# 2001 740i key fob not working



## emmsys (Nov 6, 2005)

Hi,

I haven't tried the procedure to reintialize the key fob but it just stopped working a few days ago. I called my local BMW dealer and they are willing to reinitialize it for free...orrrr order a new one for...get this...$250 (CDN)! $250! :yikes:    That's just insane. Has anyone successfully revived their key fob? I have the black key with the BMW logo at the center that locks the doors. The top button unlocks them and the bottom button opens the trunk. Honestly, the repairs/maintainence I have had to do haven't been that much more expensive than any other car I've owned. Maybe I've been spoiled but his particular case is something else though.

e


----------



## HW (Dec 24, 2001)

mine was unresponsive and then became response again after a short while. couldn't figure out why. 

$250 is about the going rate for these remote/keys for most cars i believe. you could try inserting it into the ignition and then see if it works after a few minutes of driving around.


----------



## prikhy (Aug 23, 2006)

Hi, I also have a 2001 740 il and 2 days ago my key fob stopped working. Is there a fix??


----------



## M.Wong (Jan 9, 2003)

Reinitialization might help. Be sure you have all your master keys with you when you do the procedure.

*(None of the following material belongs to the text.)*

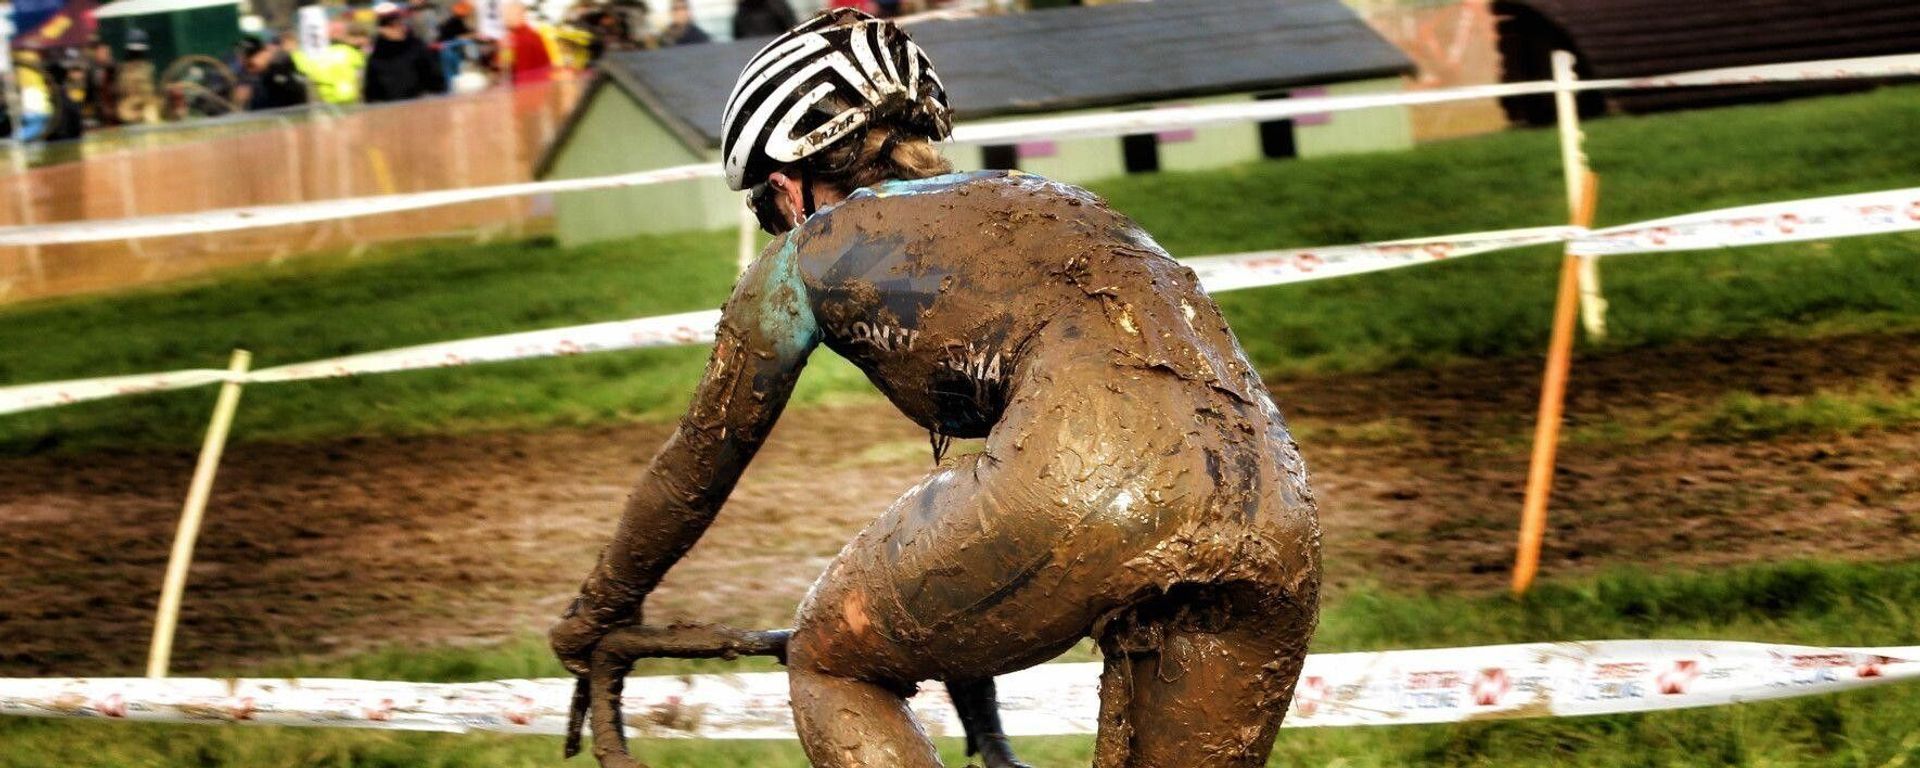 How to Race Cyclocross in Belgium
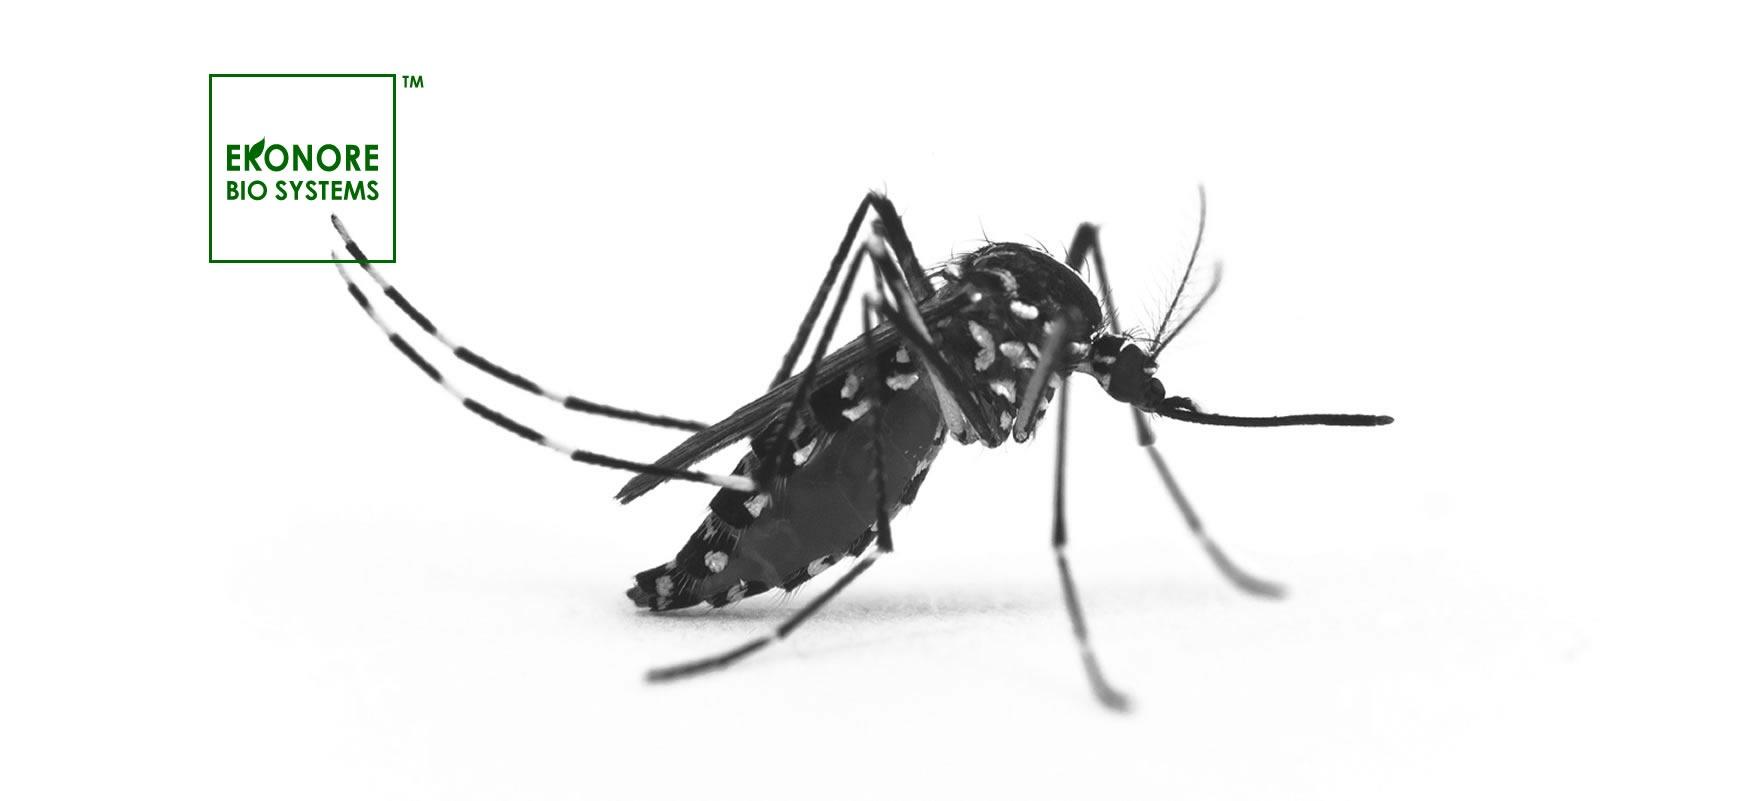 Zanzara tigre (Aedes albopictus)

The all black BMW keys have a small (standard watch) battery inside... replace it recently?









These recharge when in the ignition and the car is running. If you have more than one, be sure you use the spare(s) once in a while.








(photos from e-bay)


----------



## emmsys (Nov 6, 2005)

Hi,

Thanks for the pics. I have the second key that recharges when in the ignition. I haven't had a chance to get it reinitialized but I'll let everyone know the results when I do.

e


----------